**WHAT THE EXERCISE ASKS:**
Your task is to gather the lines below that hold the string "Women".

※

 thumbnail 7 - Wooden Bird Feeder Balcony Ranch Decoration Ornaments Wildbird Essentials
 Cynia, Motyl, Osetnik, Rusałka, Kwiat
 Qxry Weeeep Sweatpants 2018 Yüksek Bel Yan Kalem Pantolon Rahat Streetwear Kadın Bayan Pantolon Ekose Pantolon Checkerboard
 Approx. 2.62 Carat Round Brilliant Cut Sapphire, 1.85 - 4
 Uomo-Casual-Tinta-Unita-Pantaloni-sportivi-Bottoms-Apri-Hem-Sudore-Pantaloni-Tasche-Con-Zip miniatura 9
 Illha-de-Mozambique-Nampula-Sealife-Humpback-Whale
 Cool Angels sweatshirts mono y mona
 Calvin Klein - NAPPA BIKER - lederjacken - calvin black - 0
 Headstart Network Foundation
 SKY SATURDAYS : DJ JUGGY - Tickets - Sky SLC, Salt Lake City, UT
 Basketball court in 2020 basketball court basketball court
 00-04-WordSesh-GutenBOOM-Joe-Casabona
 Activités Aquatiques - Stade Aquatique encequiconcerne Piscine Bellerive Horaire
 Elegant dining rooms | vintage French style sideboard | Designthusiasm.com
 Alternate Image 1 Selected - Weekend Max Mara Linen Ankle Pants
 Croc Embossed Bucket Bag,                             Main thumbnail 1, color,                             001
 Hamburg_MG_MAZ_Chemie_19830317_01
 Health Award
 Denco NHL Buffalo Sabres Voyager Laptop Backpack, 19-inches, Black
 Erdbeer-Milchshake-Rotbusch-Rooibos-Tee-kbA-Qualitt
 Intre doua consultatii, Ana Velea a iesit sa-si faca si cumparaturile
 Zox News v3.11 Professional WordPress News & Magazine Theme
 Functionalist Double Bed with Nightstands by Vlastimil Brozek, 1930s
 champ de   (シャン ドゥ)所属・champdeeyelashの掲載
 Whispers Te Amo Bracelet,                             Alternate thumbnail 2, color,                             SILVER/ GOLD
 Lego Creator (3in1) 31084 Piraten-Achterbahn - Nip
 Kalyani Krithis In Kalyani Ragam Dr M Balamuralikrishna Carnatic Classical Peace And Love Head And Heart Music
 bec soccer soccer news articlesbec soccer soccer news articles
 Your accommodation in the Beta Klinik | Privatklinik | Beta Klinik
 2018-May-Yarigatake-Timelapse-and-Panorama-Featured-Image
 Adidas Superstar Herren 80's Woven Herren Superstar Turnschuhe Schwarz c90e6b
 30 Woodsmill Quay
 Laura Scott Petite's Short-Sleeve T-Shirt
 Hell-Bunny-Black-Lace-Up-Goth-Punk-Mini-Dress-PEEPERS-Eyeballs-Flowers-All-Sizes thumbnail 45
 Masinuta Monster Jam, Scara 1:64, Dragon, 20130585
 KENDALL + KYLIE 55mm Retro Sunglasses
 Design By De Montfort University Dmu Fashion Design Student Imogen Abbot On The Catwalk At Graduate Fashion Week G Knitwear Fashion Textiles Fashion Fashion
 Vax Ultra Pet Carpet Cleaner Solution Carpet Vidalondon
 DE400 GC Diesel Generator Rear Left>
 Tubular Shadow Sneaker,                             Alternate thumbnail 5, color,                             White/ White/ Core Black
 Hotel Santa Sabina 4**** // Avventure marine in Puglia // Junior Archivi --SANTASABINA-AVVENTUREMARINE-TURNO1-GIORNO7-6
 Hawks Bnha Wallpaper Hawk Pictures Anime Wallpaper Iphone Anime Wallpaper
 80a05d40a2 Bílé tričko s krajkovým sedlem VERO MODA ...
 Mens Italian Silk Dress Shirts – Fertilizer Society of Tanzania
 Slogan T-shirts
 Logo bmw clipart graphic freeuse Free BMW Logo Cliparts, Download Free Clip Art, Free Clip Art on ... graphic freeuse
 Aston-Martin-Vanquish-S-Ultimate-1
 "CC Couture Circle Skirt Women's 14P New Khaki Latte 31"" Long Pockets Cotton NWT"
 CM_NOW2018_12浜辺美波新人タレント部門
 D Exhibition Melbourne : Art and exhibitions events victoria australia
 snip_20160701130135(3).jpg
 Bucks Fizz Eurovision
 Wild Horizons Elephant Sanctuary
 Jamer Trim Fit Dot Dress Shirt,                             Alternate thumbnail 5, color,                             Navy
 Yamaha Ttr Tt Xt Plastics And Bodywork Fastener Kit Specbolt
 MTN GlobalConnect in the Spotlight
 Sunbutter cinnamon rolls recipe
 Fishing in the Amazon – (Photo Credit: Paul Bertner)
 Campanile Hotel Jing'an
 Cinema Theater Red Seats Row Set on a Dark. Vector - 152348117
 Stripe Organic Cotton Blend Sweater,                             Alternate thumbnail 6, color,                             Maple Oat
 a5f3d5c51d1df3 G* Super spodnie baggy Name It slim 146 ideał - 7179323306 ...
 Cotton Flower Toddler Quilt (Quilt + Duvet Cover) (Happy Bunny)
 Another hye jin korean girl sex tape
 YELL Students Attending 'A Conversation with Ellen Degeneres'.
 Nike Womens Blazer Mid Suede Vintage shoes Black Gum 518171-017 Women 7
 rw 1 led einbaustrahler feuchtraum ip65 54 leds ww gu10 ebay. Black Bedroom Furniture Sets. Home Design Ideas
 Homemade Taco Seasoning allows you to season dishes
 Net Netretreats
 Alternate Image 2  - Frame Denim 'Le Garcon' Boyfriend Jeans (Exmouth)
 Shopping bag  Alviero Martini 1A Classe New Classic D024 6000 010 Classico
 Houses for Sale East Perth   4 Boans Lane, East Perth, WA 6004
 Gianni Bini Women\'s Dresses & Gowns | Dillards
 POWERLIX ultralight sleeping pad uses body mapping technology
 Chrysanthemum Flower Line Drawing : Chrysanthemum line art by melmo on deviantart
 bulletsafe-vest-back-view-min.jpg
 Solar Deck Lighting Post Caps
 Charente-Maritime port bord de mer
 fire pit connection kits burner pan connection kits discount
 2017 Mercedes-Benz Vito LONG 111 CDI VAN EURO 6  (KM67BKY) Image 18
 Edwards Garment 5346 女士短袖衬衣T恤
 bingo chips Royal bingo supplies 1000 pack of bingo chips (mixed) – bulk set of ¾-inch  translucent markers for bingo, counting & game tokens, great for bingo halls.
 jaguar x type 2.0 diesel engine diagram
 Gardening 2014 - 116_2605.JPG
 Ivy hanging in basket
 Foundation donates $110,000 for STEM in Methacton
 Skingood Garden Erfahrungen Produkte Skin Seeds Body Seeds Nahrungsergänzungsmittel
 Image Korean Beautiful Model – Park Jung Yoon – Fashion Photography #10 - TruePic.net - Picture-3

※

**ANSWER SECTION:**
 "CC Couture Circle Skirt Women's 14P New Khaki Latte 31"" Long Pockets Cotton NWT"
 Nike Womens Blazer Mid Suede Vintage shoes Black Gum 518171-017 Women 7
 Gianni Bini Women\'s Dresses & Gowns | Dillards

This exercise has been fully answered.